Indian automobile manufacturing has reached global standards and exporting high quality products to many foreign countries, and they now own many highly reputed foreign automobile brands also, it's up to the customer to decide whether he wants a Nano or a Jaguar. Alas, Bangladeshis can only afford low quality products mostly. That's why barring some long distance luxury buses, all other buses and trucks are ordinary product variants.

Reactions: Like Like:
1


----------



## Bombaywalla

Rain Man said:


> Alas, Bangladeshis can only afford low quality products mostly. That's why barring some long distance luxury buses, all other buses and trucks are ordinary product variants.

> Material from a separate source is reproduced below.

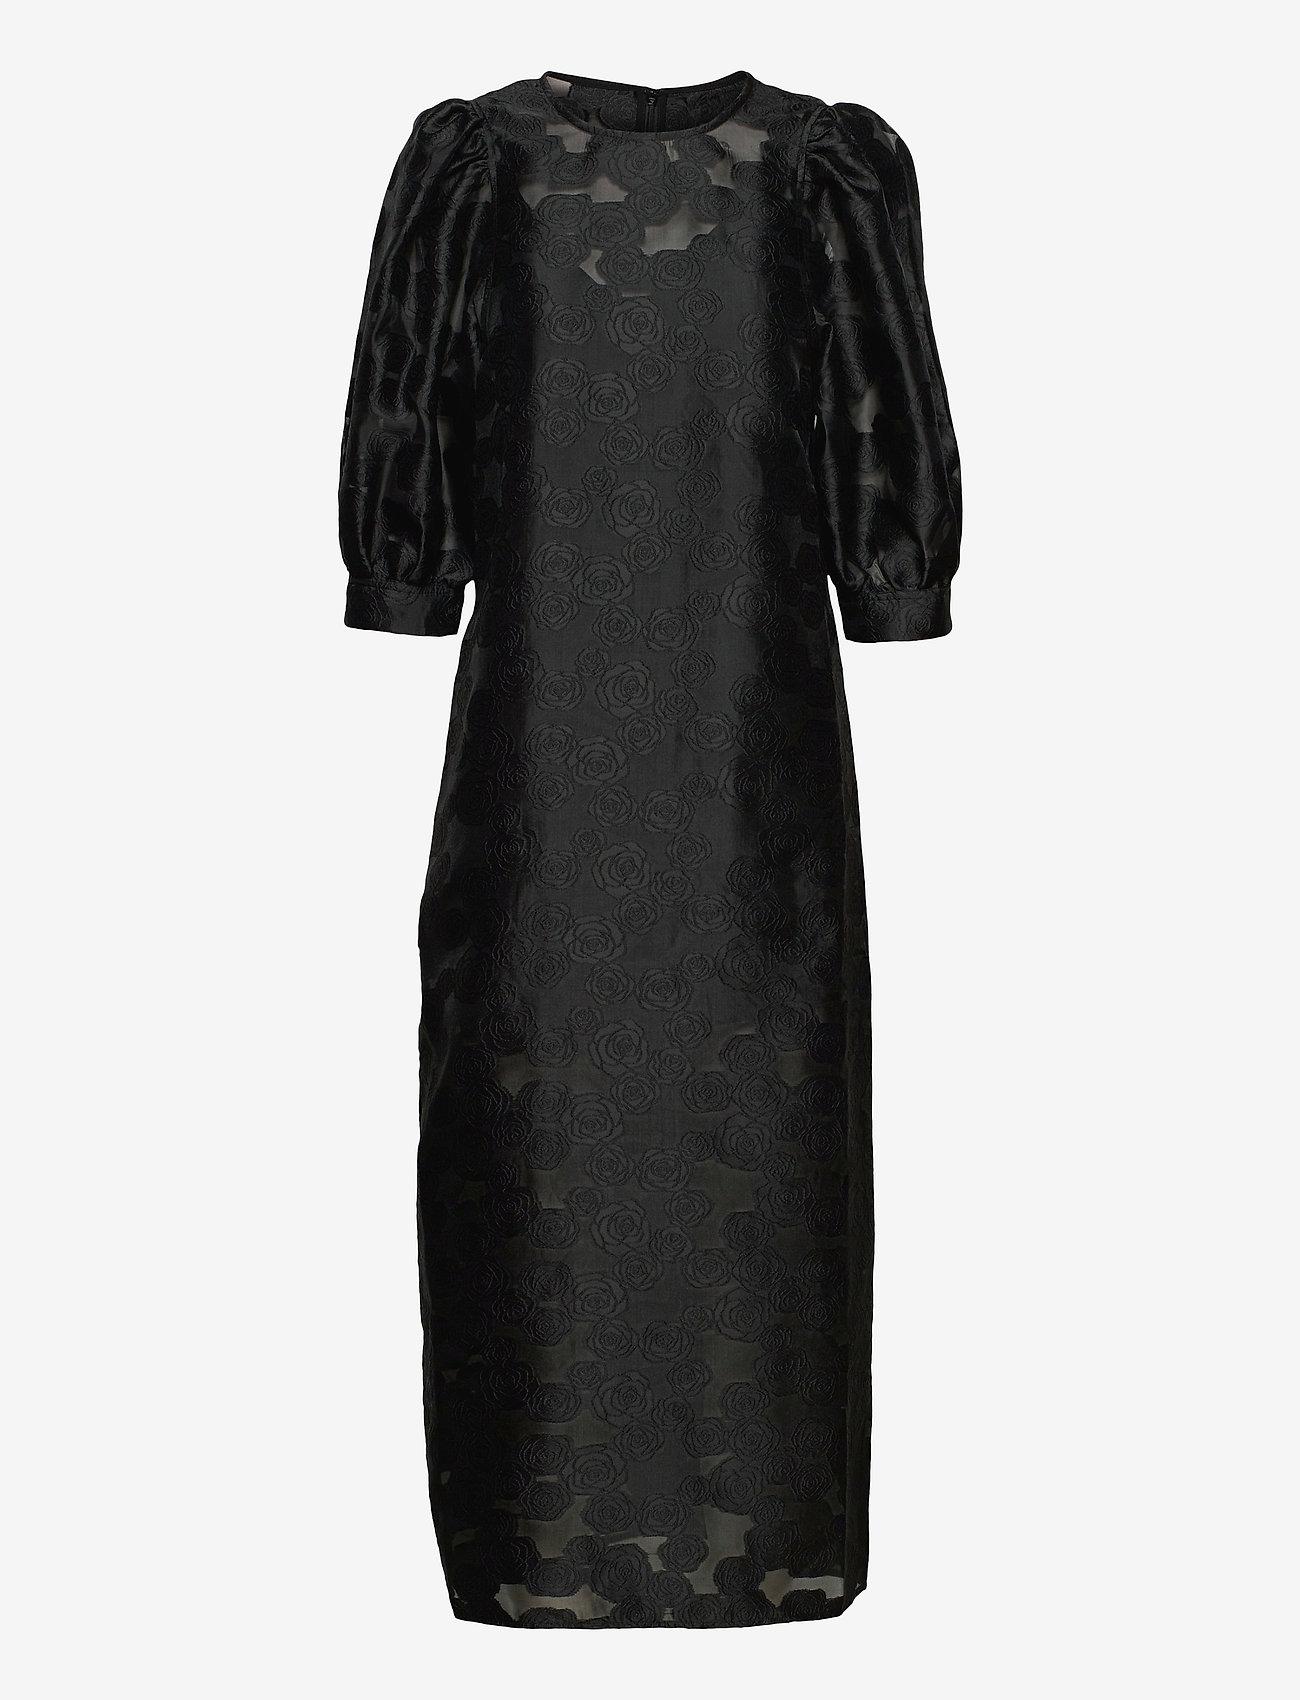 Samsøe Samsøe - Celestina long dress 12939 - kveldskjoler - black - 0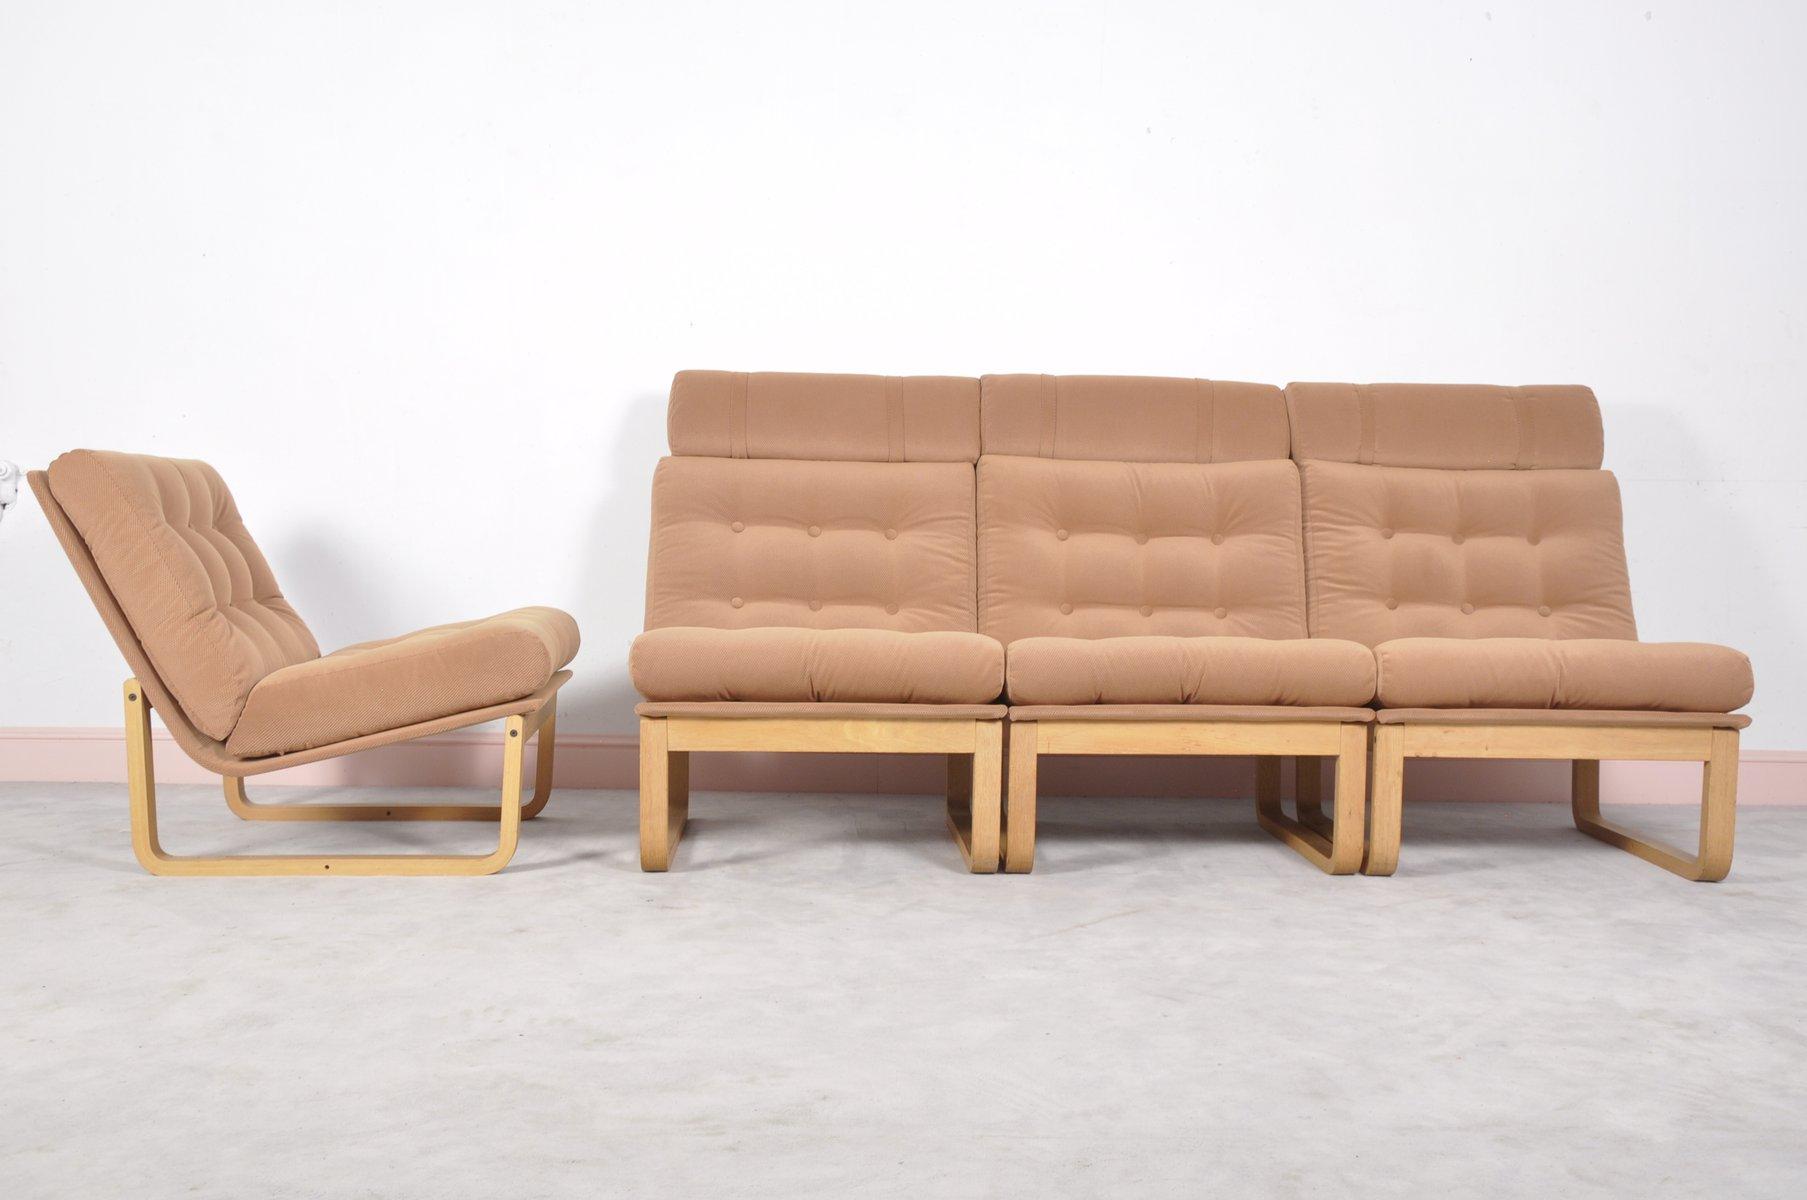 Mid Century Sectional Sofa by Rud Thygesen & Johnny Sorensen for

Most of their imported trucks and buses are brought in to the country USED; used by the west, or Japan, and then reconditioned and dumped in to countries like bd, pakistan, lanka, kenya etc

Reactions: Like Like:
2


----------



## Bilal9

Rain Man said:


> Indian automobile manufacturing has reached global standards and exporting high quality products to many foreign countries, and they now own many highly reputed foreign automobile brands also, it's up to the customer to decide whether he wants a Nano or a Jaguar. Alas, Bangladeshis can only afford low quality products mostly. That's why barring some long distance luxury buses, all other buses and trucks are ordinary product variants.



You and Bombaywalla are the biggest purveyors of bullshit I know (no offense). Do you two hide under a rock??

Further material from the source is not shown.